BP - 'Six months since BP appointed a new CEO with the promise of "growing the value", its market cap has slumped to a 2-year low of circa £75 billion. BP is a shadow of the mighty oil behemoth it once was -- and living on borrowed time.'.......Javier Blas - Bloomberg

Pivoting to renewables before the technology had been developed to generate acceptable commercial returns has proved a huge mistake for BP.

Exxon took a hard nosed view and continued pushing the overwhelming majority of its cash flow into O&G production development. Predictably, this incurred the wrath of the eco loon brigade but, the company has been proved entirely correct to do so:

5 Year Market Cap Low
$143 bn - Exxon
$33 bn - BP

Current Market Cap
$506 bn - Exxon
$74 bn - BP

Inconceivable a decade ago, BP is now of a size where its likely to increasingly become a bolt-on acquisition target for one of the three Majors!

mount teide
16/7/2024
12:12
ZeroGCoS - 'It was disappointing not seeing Vietnam mentioned in the guidance for the capex for 2024, not even for studies. It is clear that the negotiations for the gas sales agreement aren’t progressing towards enabling a FID in the short-term.
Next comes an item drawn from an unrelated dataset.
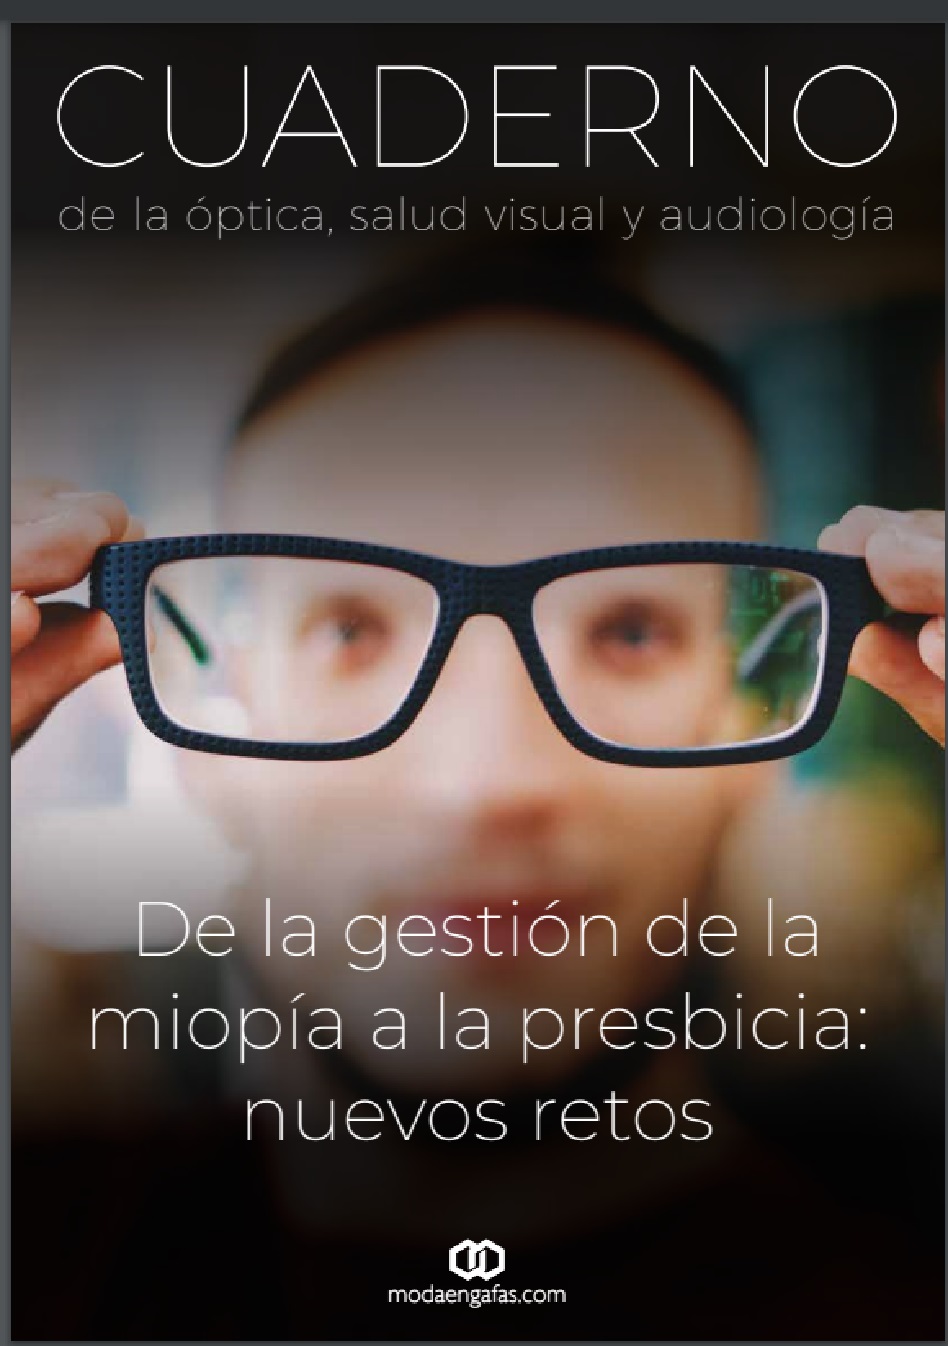 portada del nuevo Cuaderno de Salud Visual editado por Modaengafas.com sobre la gestión de la miopía y la presbicia

At least, Jadestone has finally signed the Heads of Agreement for the gas sales of Nam Du and U Minh Gas fields with Petrovietnam Gas Corporation and Vietnam Oil and Gas Group (Petrovietnam). This is an important step and will hopefully be followed by the gas purchase contract. Vietnam is supposed to become the next organic growth project for the company; now, it seems that the company is not pursuing its development at this moment.'

Disagree with ZGCoS with respect to development of the Vietnam assets. As mentioned previously here, the project will require circa $150-200m of upfront investment before first production, even with the supply of a circa $150m converted tanker FPSO being outsourced against a long term charter contract.
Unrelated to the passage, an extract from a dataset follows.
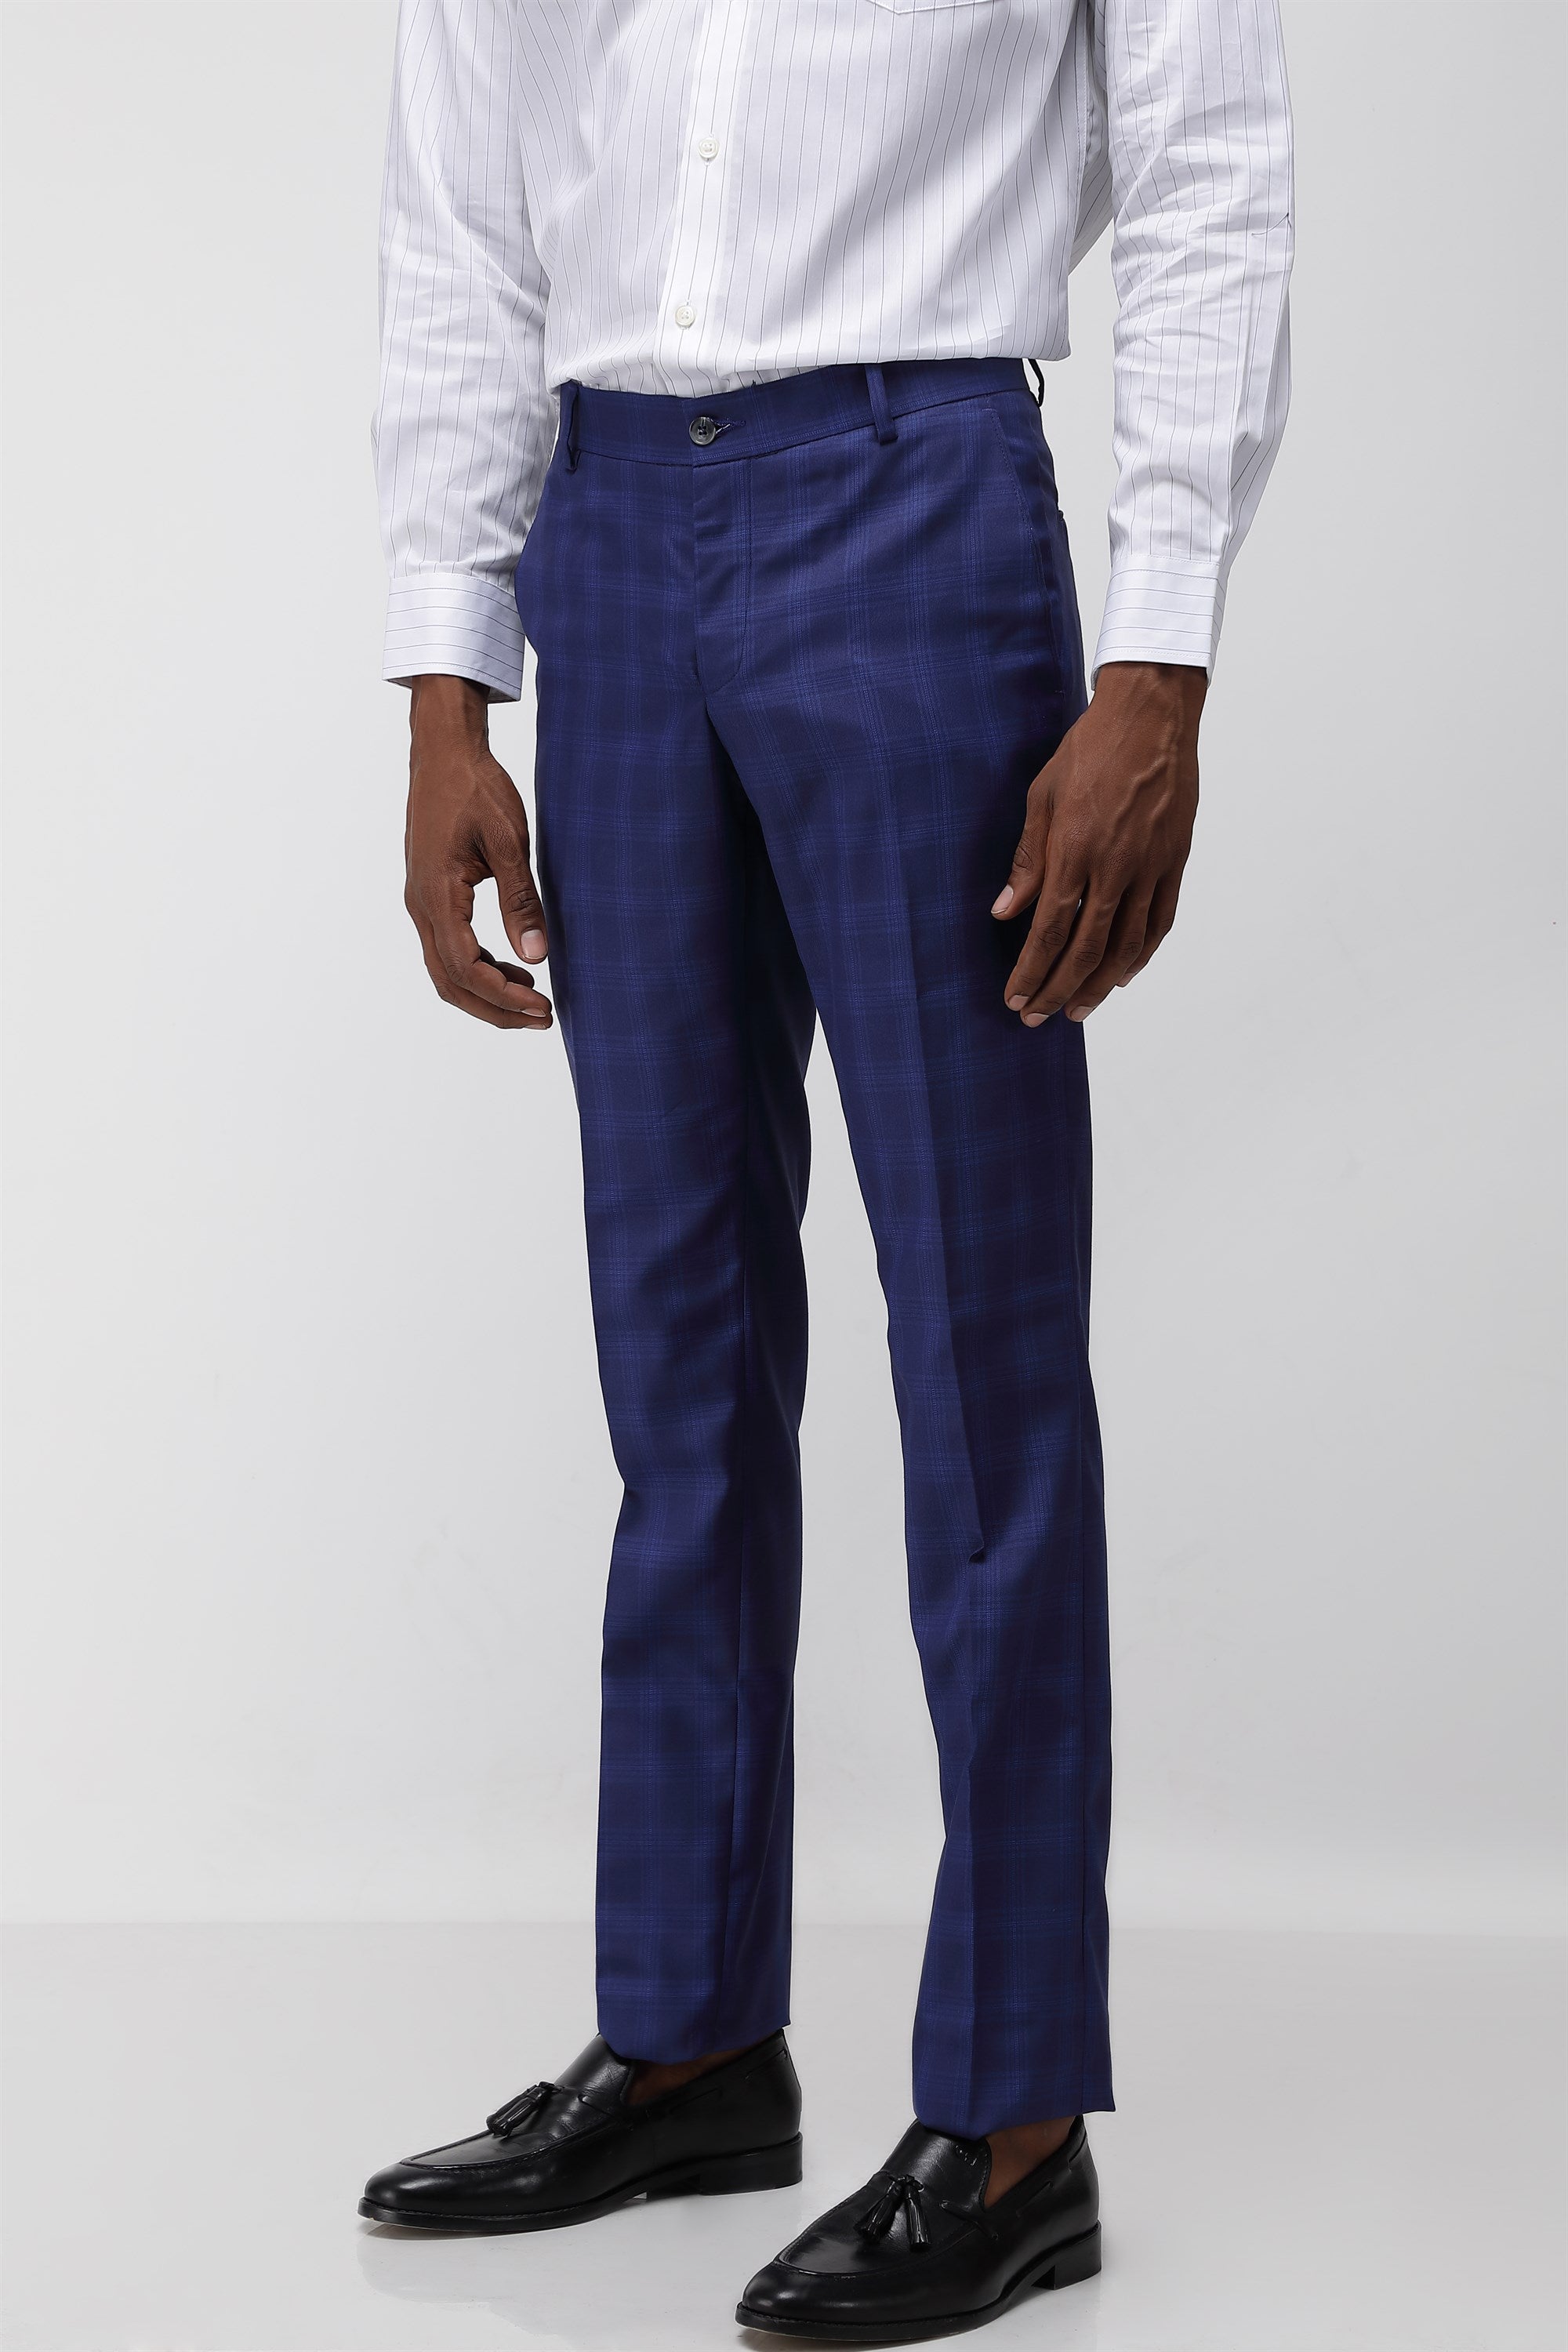 T the brand Men Formal Check Trouser - Navy Blue

Additionally, the project carries very significant execution risk, as most shipyards are now fully booked out to 2026, suggesting that to time the availability of the FPSO to smoothly coincide with the completion of the marine civil engineering production infrastructure work at the field could be highly problematic.

I am relaxed about development of the Vietnam assets staying on the back burner for a year or two longer, unless a spectacular deal can be agreed with the Vietnamese.

Ideally, we should find a partner/s to spread the Vietnam execution risk - and keep spending the cash we are generating on more second phase bolt on acquisitions with immediate FCF generation, as the Vietnam project could well see the need to pump north of $200m of cash into it before a Nickel of FCF is generated.

mount teide
16/7/2024
11:44
S7 - tallies with my first hand experience and research.

Not only is the developing world a big place it is home to circa 85% of the world's population, and over the last 15 years has bolted on the entire population of the West as growth.

Developing countries with large, fast growing manufacturing industries and huge, growing populations need enormous amounts of cheap energy - for the next 20 years at least, this means fossil fuels will almost certainly be responsible for delivering the overwhelming majority of their energy needs, until ultra high EROEI(energy return on energy invested) nuclear starts to increasingly take over.

By 2050, I strongly suspect ultra low EROEI wind and solar farms will be little more than cottage industries in terms of the contribution they make to the overall global energy supply.

mount teide
16/7/2024
11:13
The fact that the developing world is driving the increase in oil and gas demand while the developed world has seen a minor decline in its own demand for these—at the significant expense of deindustrialization&mdash;highlights a contradiction in one of the most popular transition arguments. It states that the transition will ensure abundant and affordable energy for everyone. However, the current state of the world is proof enough this is wishful thinking at best: the facts suggest that energy abundance lies with the energy sources the transition wants to do away with and replace.

and..

Yet this is not how things are moving on. There is that gap between the wealthy developed world, which is getting less wealthy as it directs ever-growing cash flows to the transition, and the poor developing world, which is getting wealthier because it is consuming more and more hydrocarbon energy—and it likes it. That’s how oil and gas will continue to dominate the global energy landscape in the future. The developing world is a big place.